O filme gira em torno do agente da Agência de Controle do Tabaco e do Álcool, Doug Carlin (interpretado por Denzel Washington), que entra para investigar a explosão de uma balsa em meio ao rio que cruza a cidade de Nova Orleans. Logo, ele mostra-se um policial muito perspicaz e chama atenção do agente Andrew Pryzwara (interpretado por Val Kilmer). Convidado pelo agente Pryzwara, Carlin entra para uma investigação à parte, em nome do governo, que se utiliza de uma tecnologia que, de início, ele descobre ser imagens geradas por alguns super-hiper-ultra-mega satélites potentes capazes de reprisar em uma tela, onde mostra o passado com uma diferença de quatro dias e seis horas. Mas logo ele descobre que aquela parafernalha toda na verdade é uma forma de rever o passado realmente. Agora eles vão ter que revirar os acontecimentos antes da explosão da balsa para poderem descobrir o responsável pela explosão.

Antes de me aprofundar sobre o filme, devo avisar que não serei nem um pouco imparcial a este longa e talvez isso defira um pouco das opiniões para os amantes do gênero. Conheço parte da carreira de Tony Scott e do ator Denzel Washington, e, por acompanhar filmes mais diversos no gênero, acabo por ganhar certa 'vantagem' em comparação às pessoas que normalmente vão ao cinema por diversão, por entretenimento. Então estou ciente de que muitos irão discordar de minha opinião.

Infelizmente posso dizer que o novo trabalho de Tony Scott é, como a crítica literária diz, e aproveitando o nome do filme, um tanto Déjà Vú, ou seja, não traz nada de novo no gênero. Tony Scott, que inovou em alguns pequenos detalhes em "Chamas da Vingança" e até mesmo em "Domino", resolveu seguir à risca tudo o que já foi feito em filmes de ação. Não digo aqui que a direção do filme é ruim, pelo contrário, e muito longe disso, Tony Scott é um excelente diretor de ação, porém, acompanhando sua recente evolução no cinema, era de se esperar um pouco mais do seu trabalho. Mas ele consegue dirigir com maestria e dar uma linha de pensamento cronológica ao filme, além de criar os momentos de suspense e confusão de forma exemplar.

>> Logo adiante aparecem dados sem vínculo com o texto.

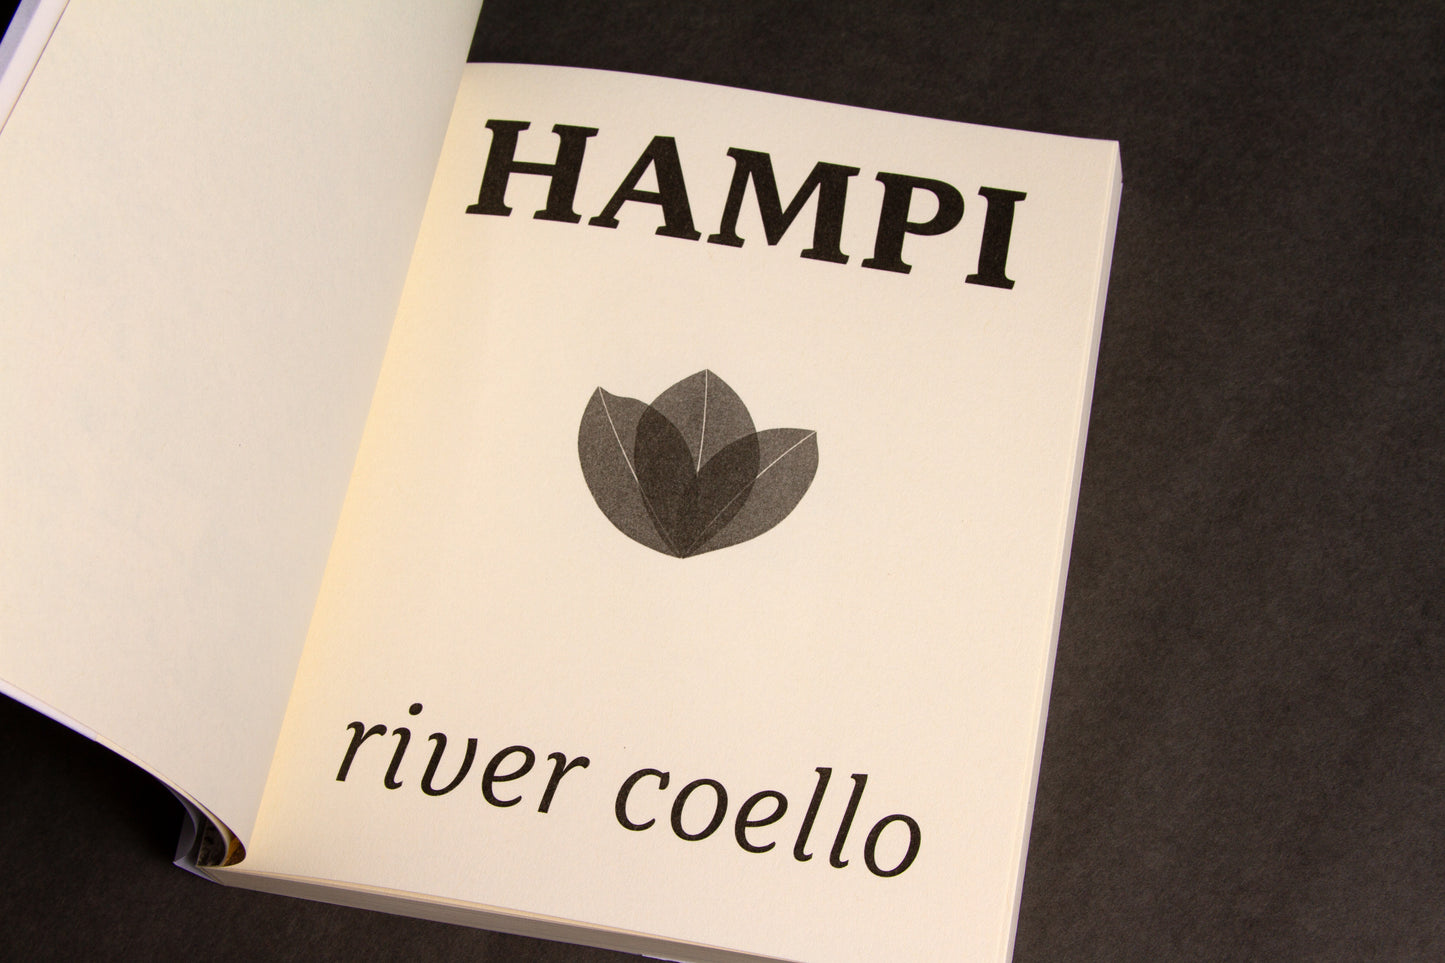 HAMPI by River Coello

Por uma má sorte do destino, o roteiro criado por Bill Marsilii e Terry Rossio já não teve tanta sorte. Aproveitando-se de um significado meio errôneo da palavra, eles desenvolveram o roteiro e simplesmente esqueceram boa parte do que se propuseram. Na verdade, o filme poderia ter qualquer outro nome, já que o sentido da palavra Déjà Vú pode sim ser muito melhor visto no filme "A Passagem", com Naomi Watts e Ewan McGreggor, do que neste filme de ação/policial, já que, neste exemplar atual, há muito mais um trabalho de jogo de gato e rato e viagens no tempo do que o sentimento de estranheza pela sensação de algo que já aconteceu, mas não deveria ter acontecido. A idéia era até algo novo, mas infelizmente o filme acaba-se por perder no que pretendia e dar lugar ao velho estilo de filme que, claro, não poderia contar com outro ator a não ser Denzel Washington.

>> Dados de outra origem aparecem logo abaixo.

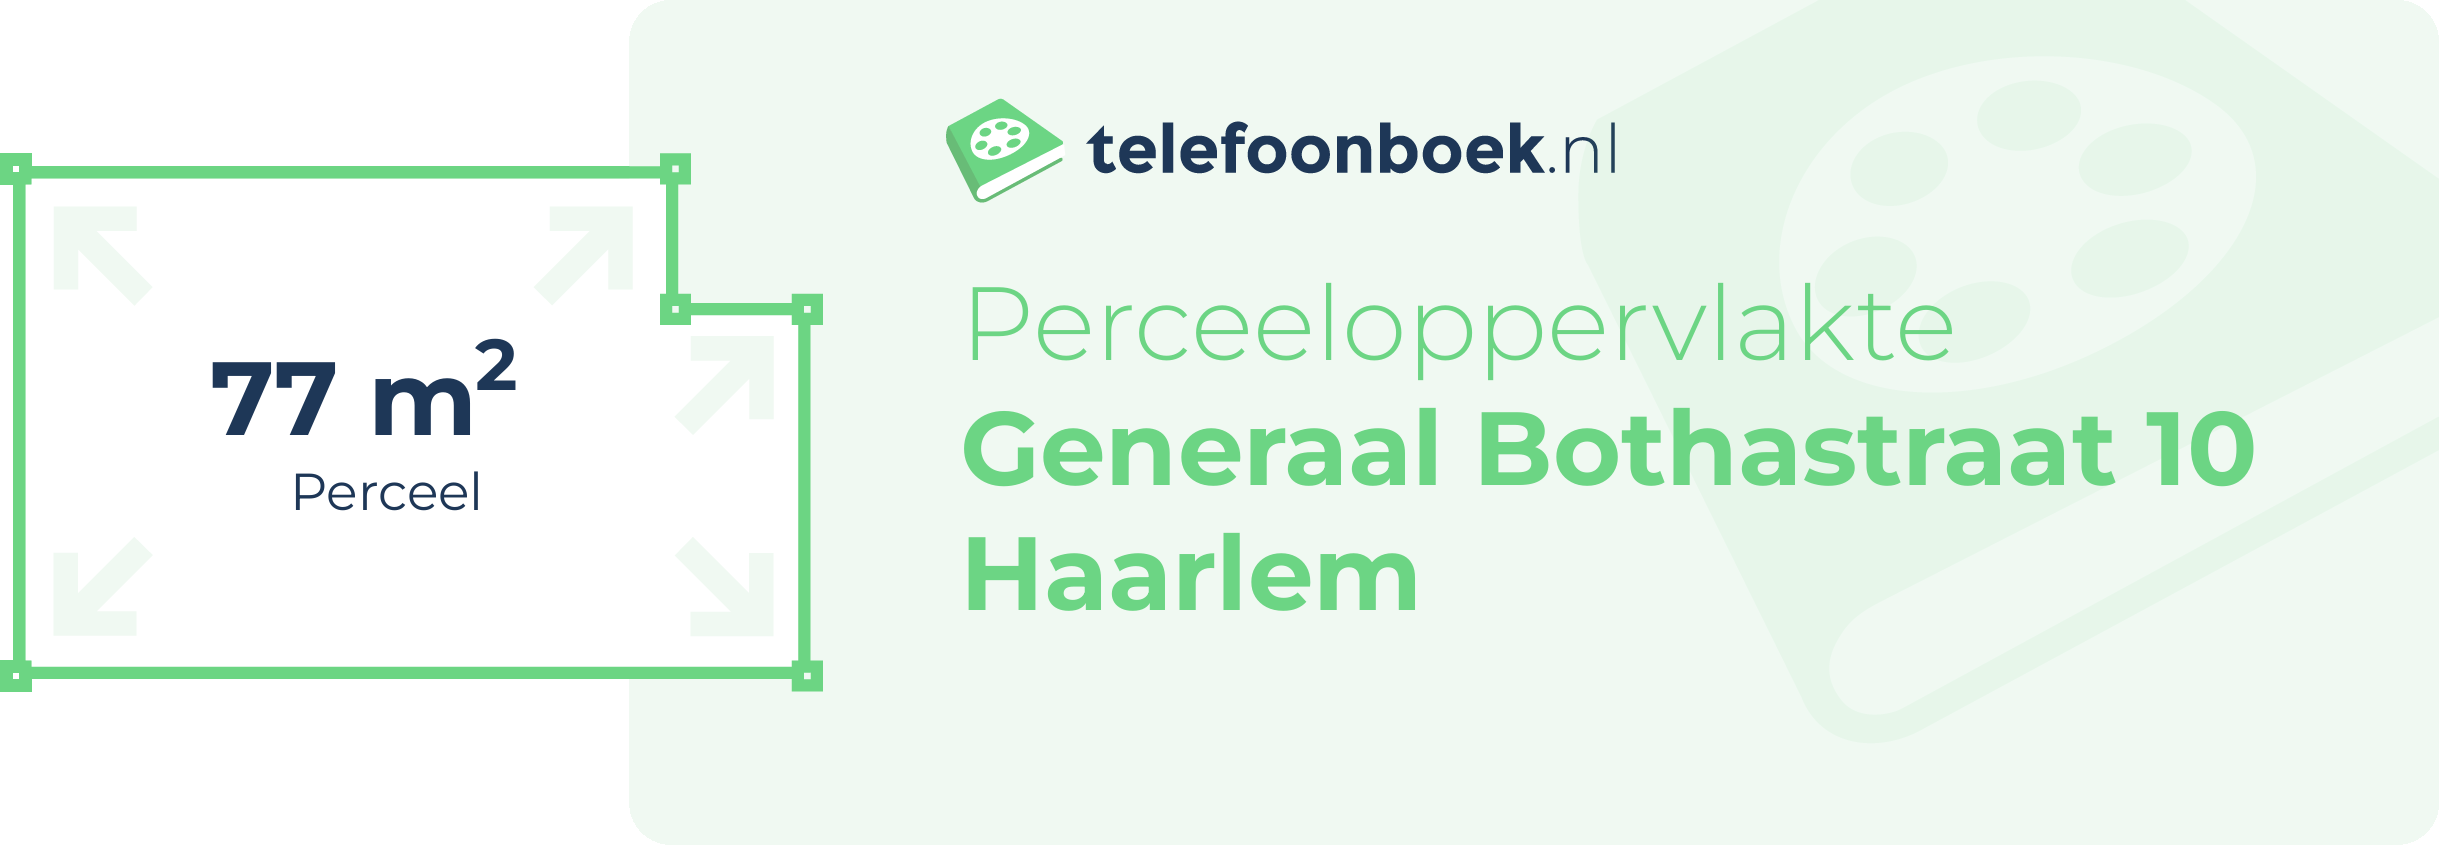 Perceeloppervlakte Generaal Bothastraat 10 Haarlem

E já que falamos de Denzel Washington, a sua participação no filme é o que dá o porto seguro. Seguindo a mesma receita de bolo que ele mesmo acabou criando, Doug Carlin não deixa de ser uma semelhança de Mathias Lee Whitlock, personagem do ator no filme "Por Um Triz" em 2003. Aliás, os dois passam por situações bem semelhantes como correr contra o tempo para salvar uma pessoa e pelo mesmo tipo de quebra-cabeças que é utilizado em Déjà Vu. O resto do elenco está comedido, nem ruim, mas também sem merecimento de destaque, incluindo James/Jim Caviezel, que se mostrou um tanto caricaturado nos poucos momentos que apareceu.

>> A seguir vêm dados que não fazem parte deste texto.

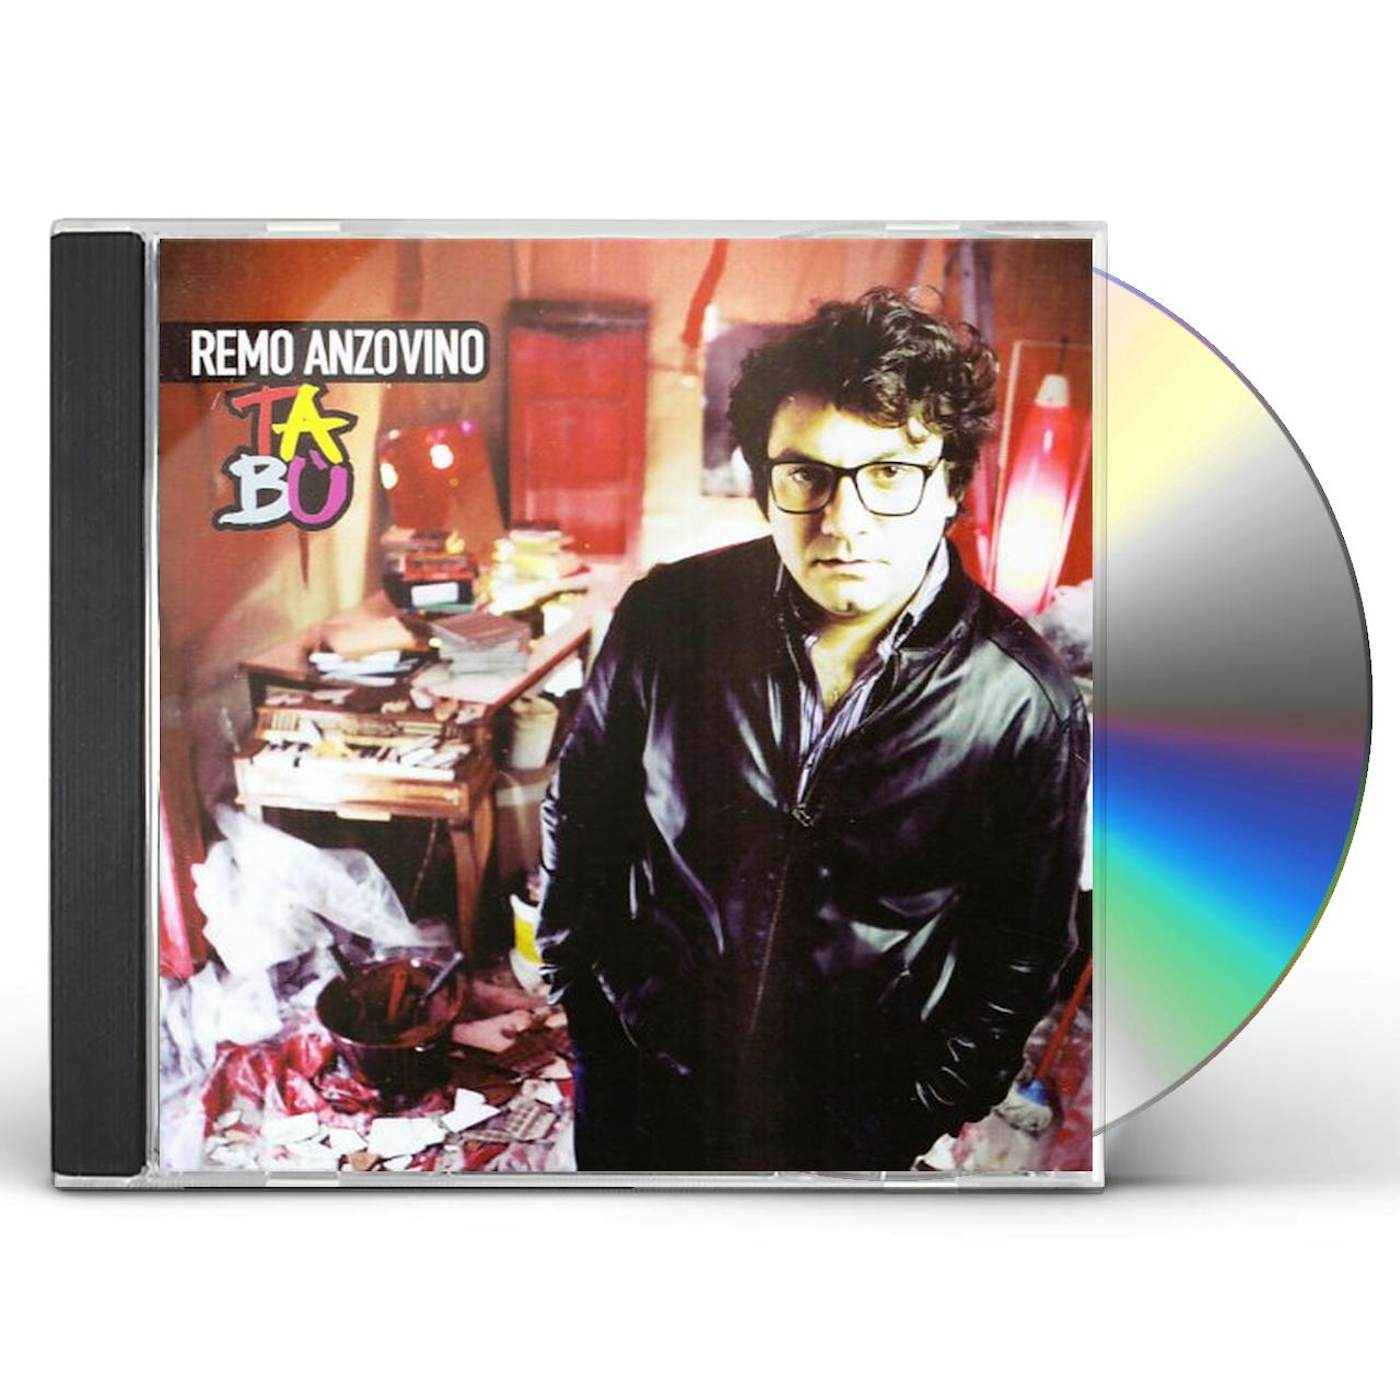 Remo Anzovino TABU' CD

Mas engana-se aqui quem pensa que o filme seja ruim. Pelo contrário, ele é muito bom. Para os mais desavisados e desatenciosos, o mistério do filme pode até ser realmente um mistério (embora desde o primeiro momento seja fácil prever os acontecimentos). Com boas cenas de ação, ele cumpre com competência o trabalho a que se propõe. Porém, para aqueles acostumados com filmes do gênero, a produção realmente pode ter um significado: você pode achar estranho o filme, porque com certeza você já viu situações parecidas em algum lugar.